-------- GIVEN MATERIAL --------
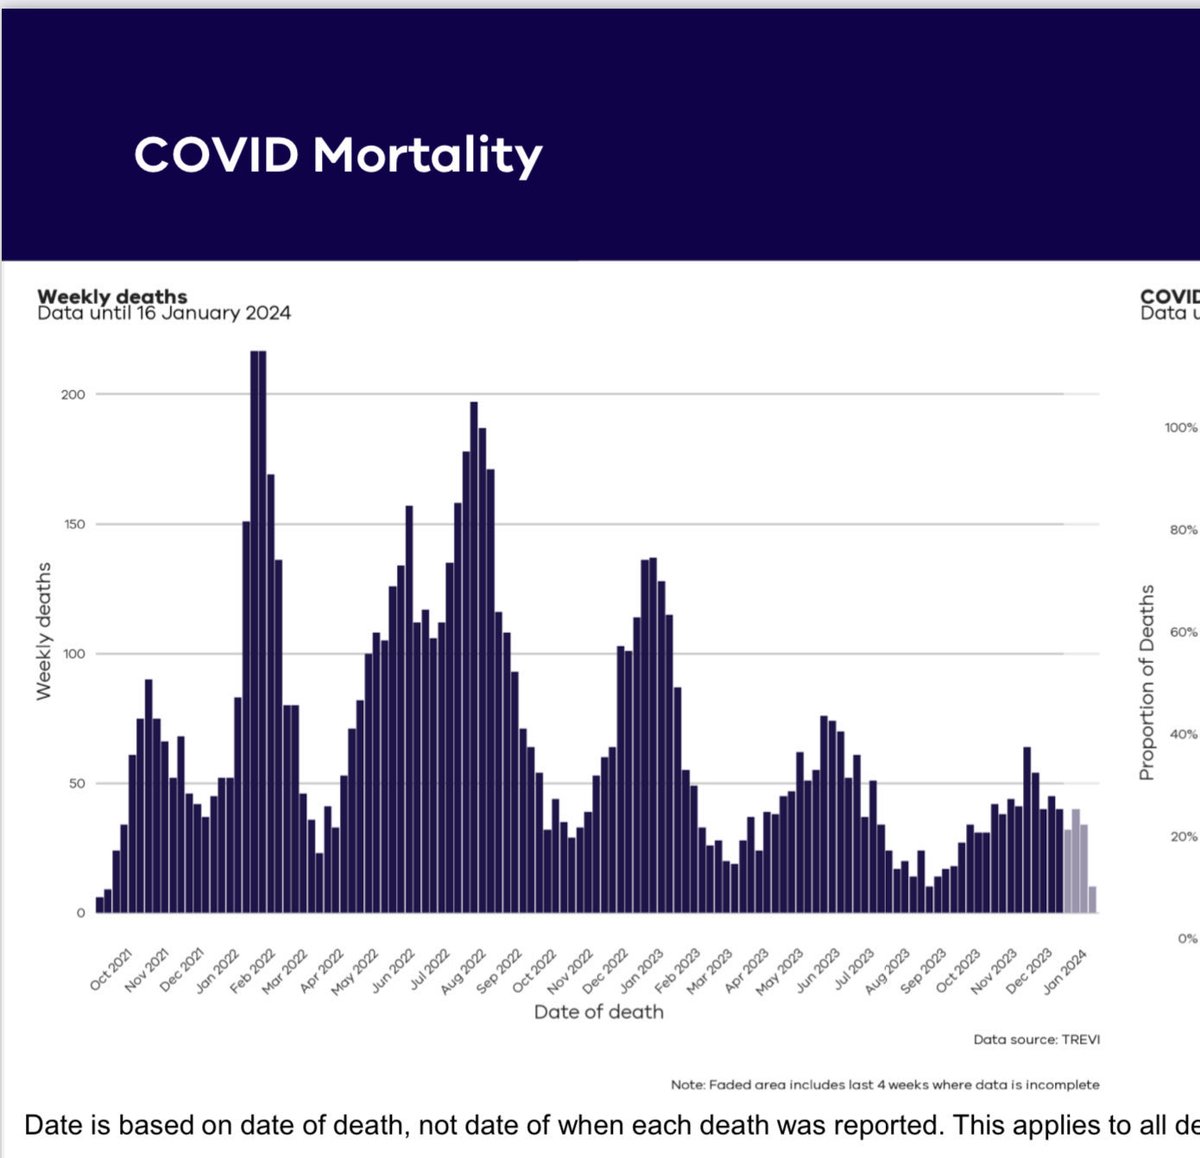 Many people still think that children and schools are the major factor in the spread of Covid. This is from Victoria Health, showing deaths (and the effect of Covid waves there). What you can’t see is any obvious relationship to children returning to school after holiday breaks.
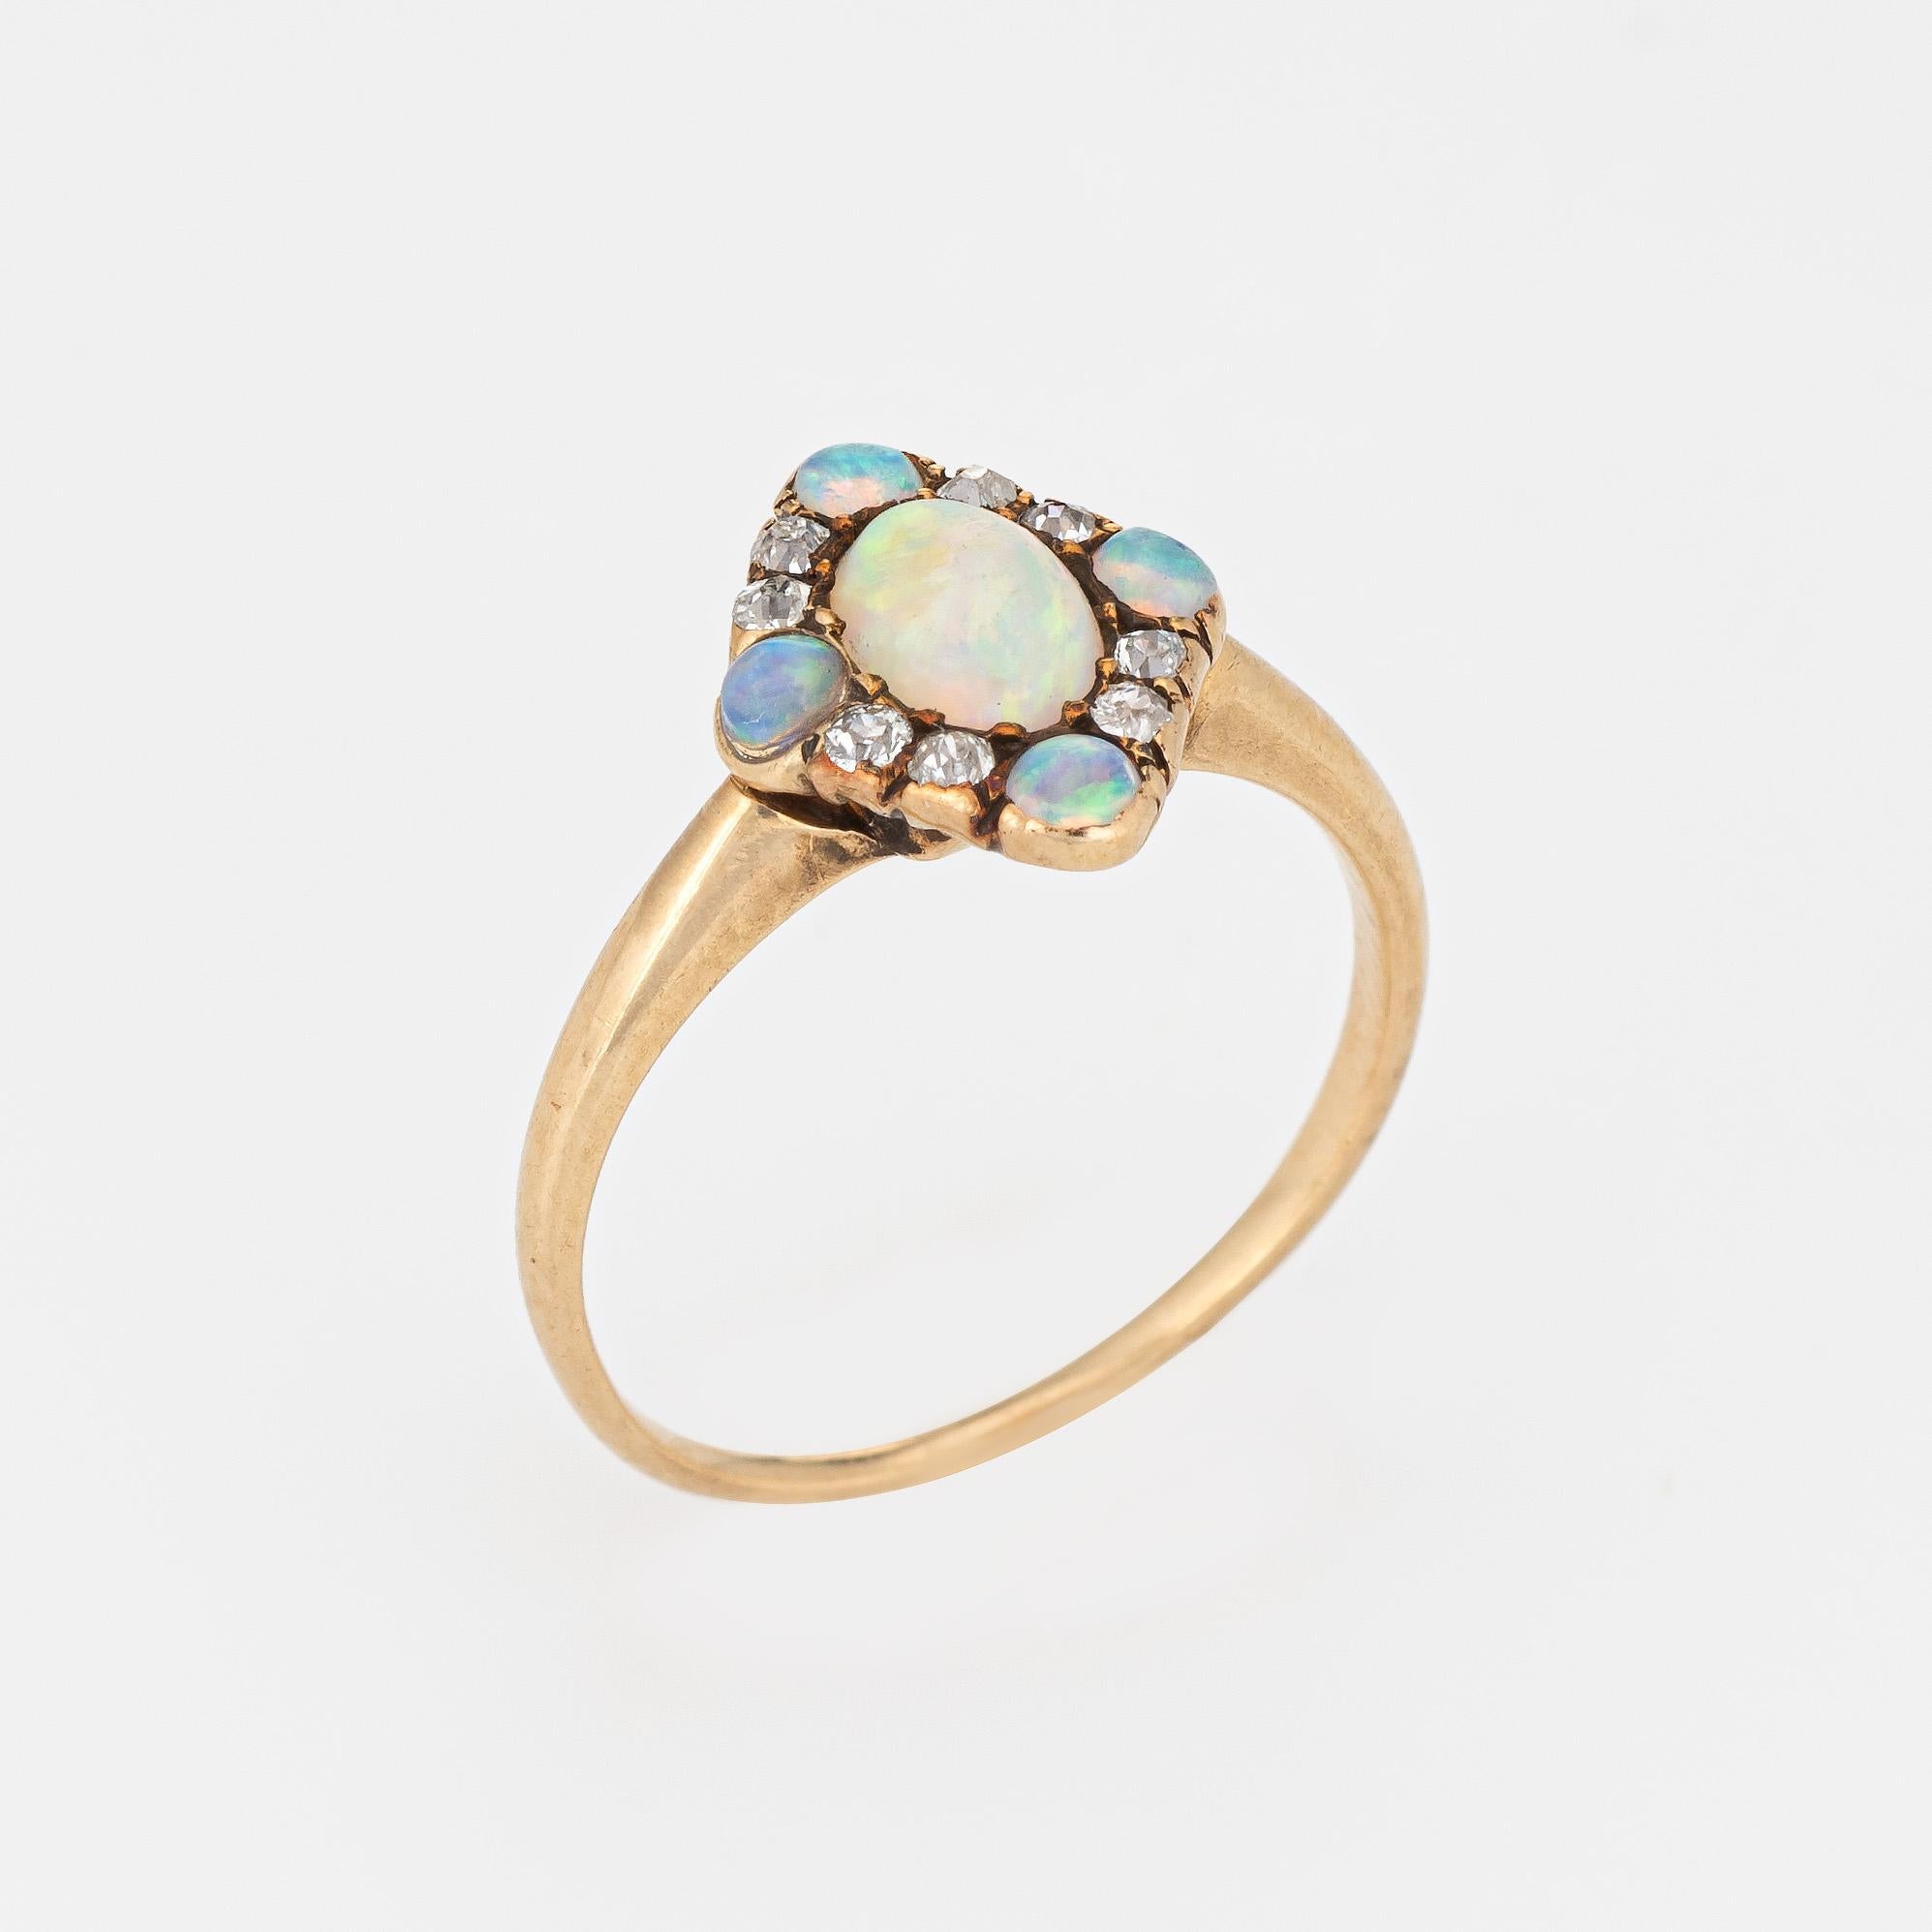 Finely detailed antique Victorian opal & diamond ring (circa 1880s to 1900s), crafted in 14 karat rose gold. 

Center set opal measures 5.5mm x 4mm (estimated at 0.30 carats), accented with a further four 2.25mm opals. Eight old mine cut diamonds
--------
(EXERCISE OBJECTIVE) An exact repeat of the listing above, pictures excluded, is the answer.

(WRITTEN REPLY)
 Many people still think that children and schools are the major factor in the spread of Covid. This is from Victoria Health, showing deaths (and the effect of Covid waves there). What you can’t see is any obvious relationship to children returning to school after holiday breaks.
 Finely detailed antique Victorian opal & diamond ring (circa 1880s to 1900s), crafted in 14 karat rose gold. 

Center set opal measures 5.5mm x 4mm (estimated at 0.30 carats), accented with a further four 2.25mm opals. Eight old mine cut diamonds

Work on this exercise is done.